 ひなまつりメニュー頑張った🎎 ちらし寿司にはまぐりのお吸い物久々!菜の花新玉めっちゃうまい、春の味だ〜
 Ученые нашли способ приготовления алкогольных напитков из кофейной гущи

--

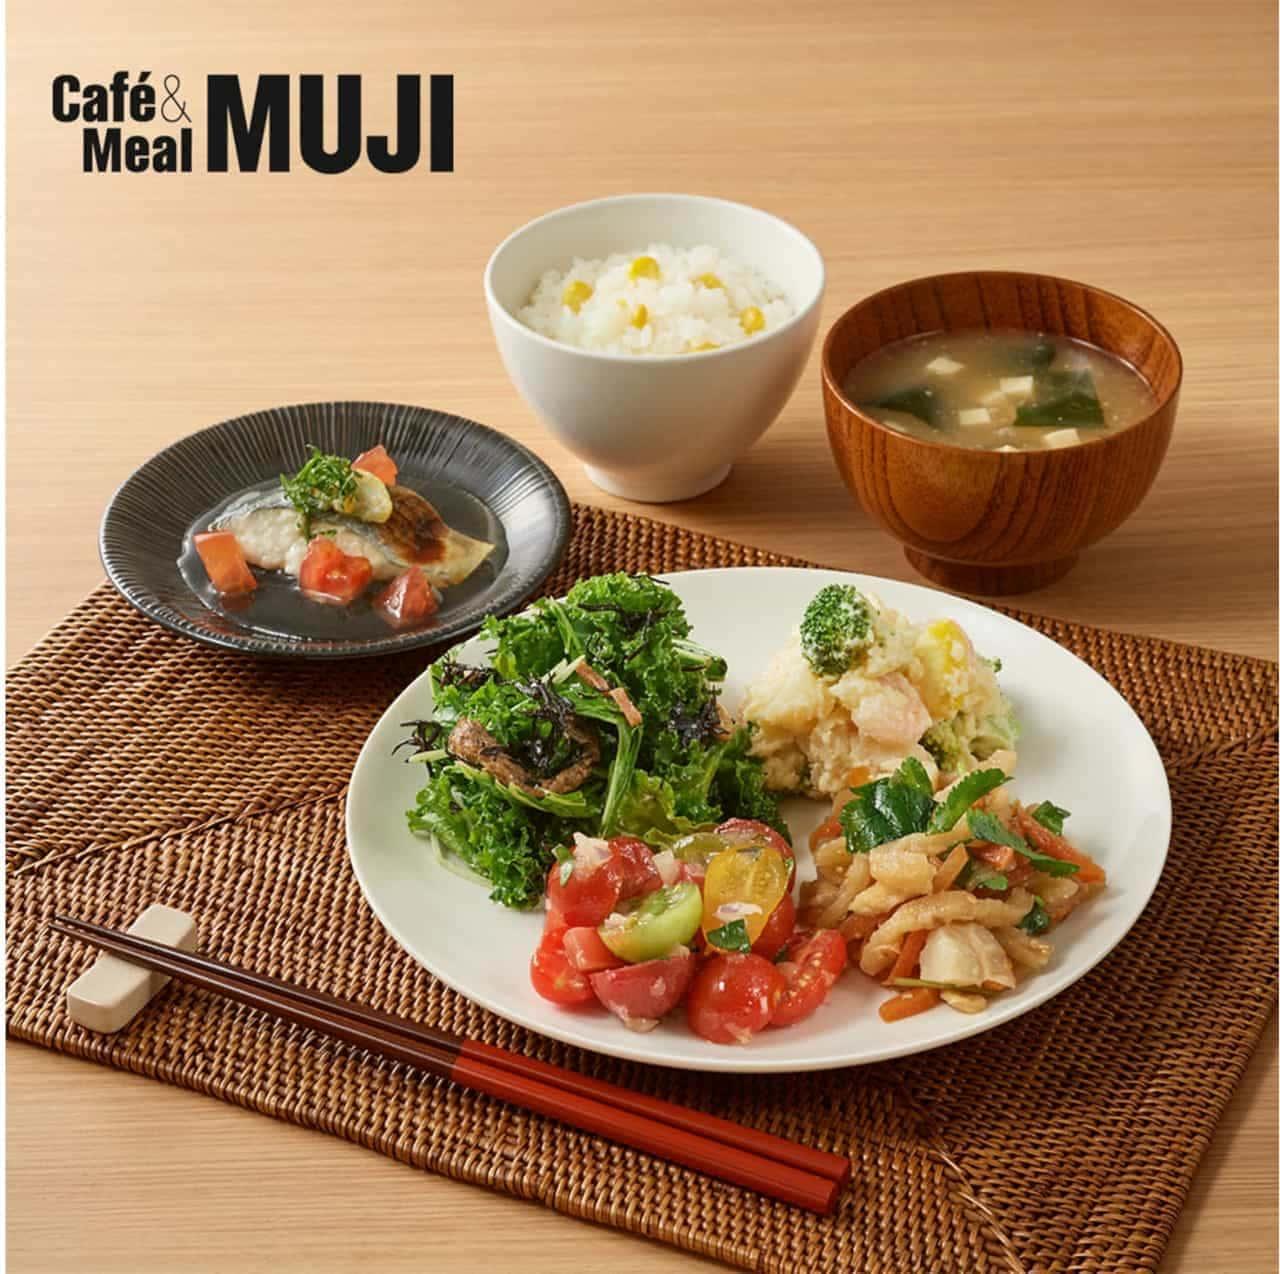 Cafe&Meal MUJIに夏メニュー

* * *

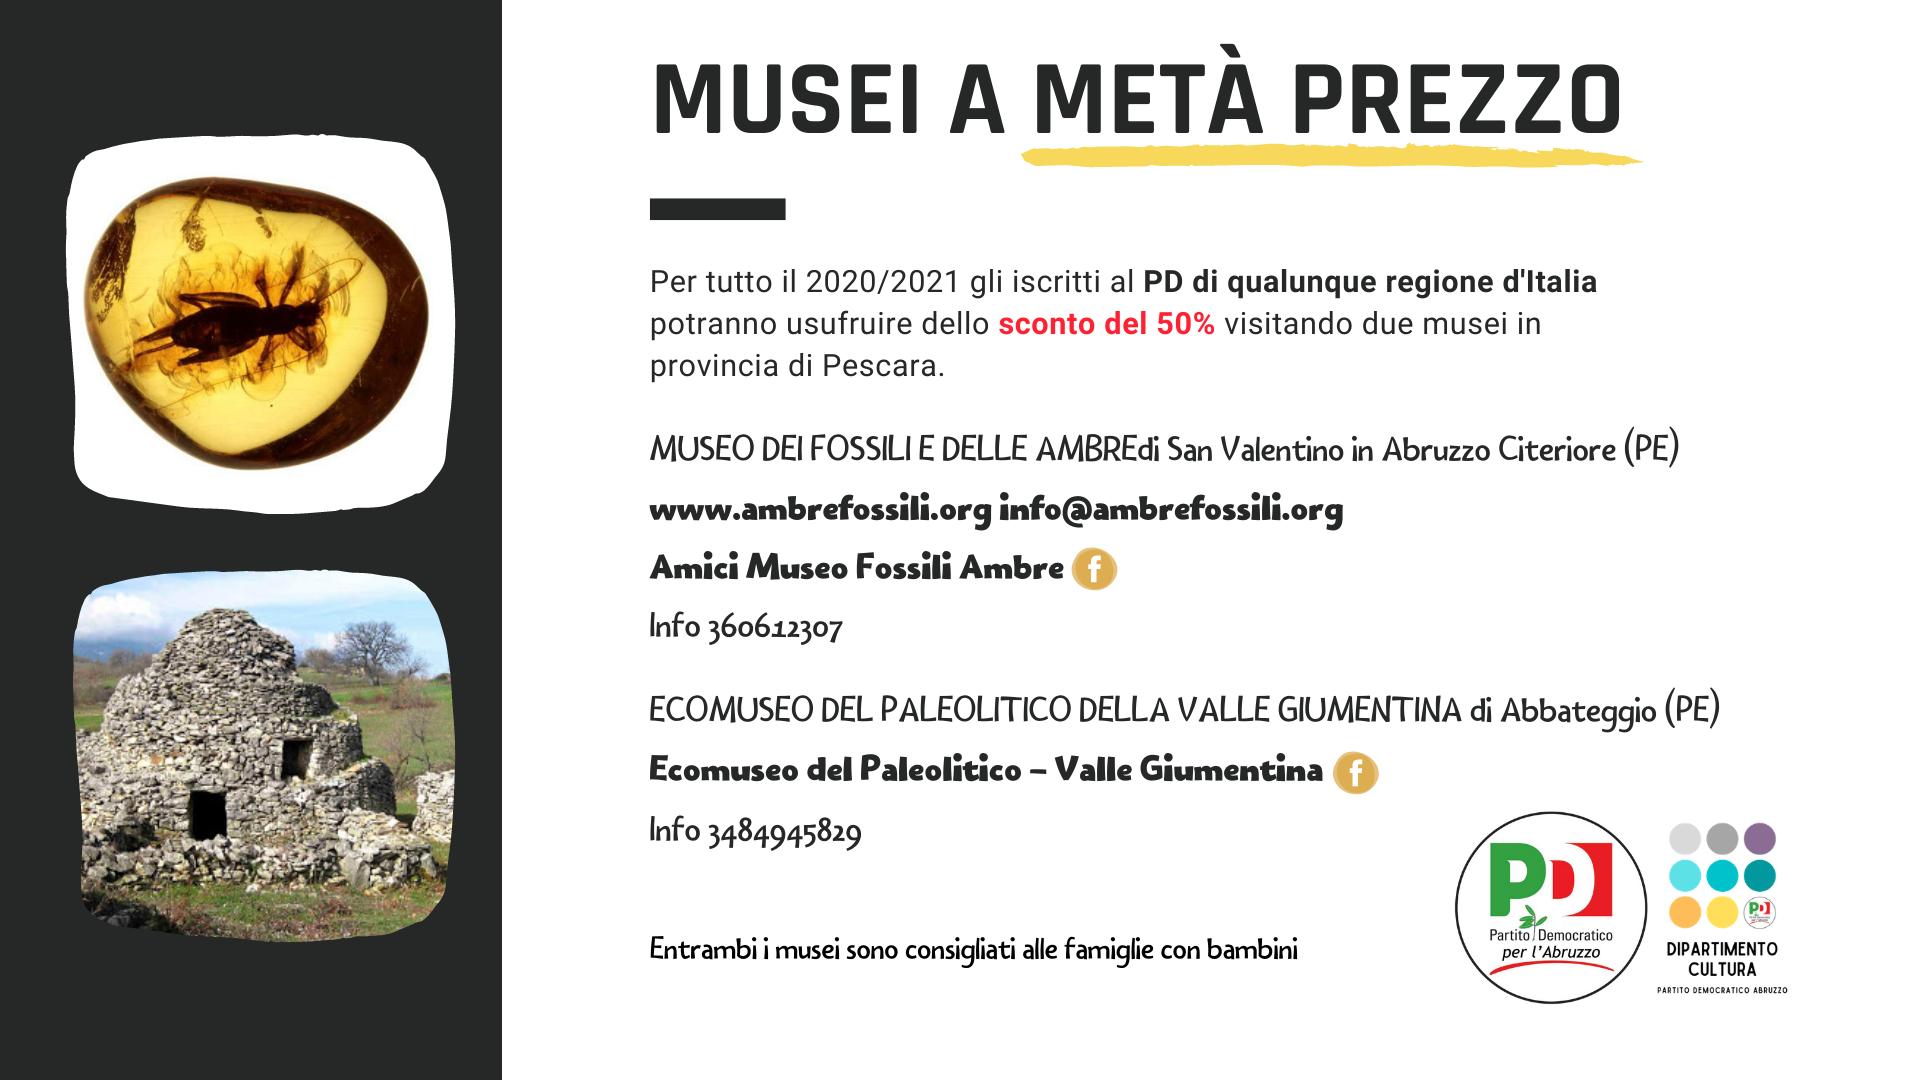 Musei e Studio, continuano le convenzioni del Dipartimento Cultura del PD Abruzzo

• [Problem to work on]
Could you repeat exactly the lines above from the line with "ひなまつりメニュー頑張った🎎" up to and including the line with "Ученые нашли способ", and only those?

• [Output of the exercise]
 ひなまつりメニュー頑張った🎎 ちらし寿司にはまぐりのお吸い物久々!菜の花新玉めっちゃうまい、春の味だ〜
 Ученые нашли способ приготовления алкогольных напитков из кофейной гущи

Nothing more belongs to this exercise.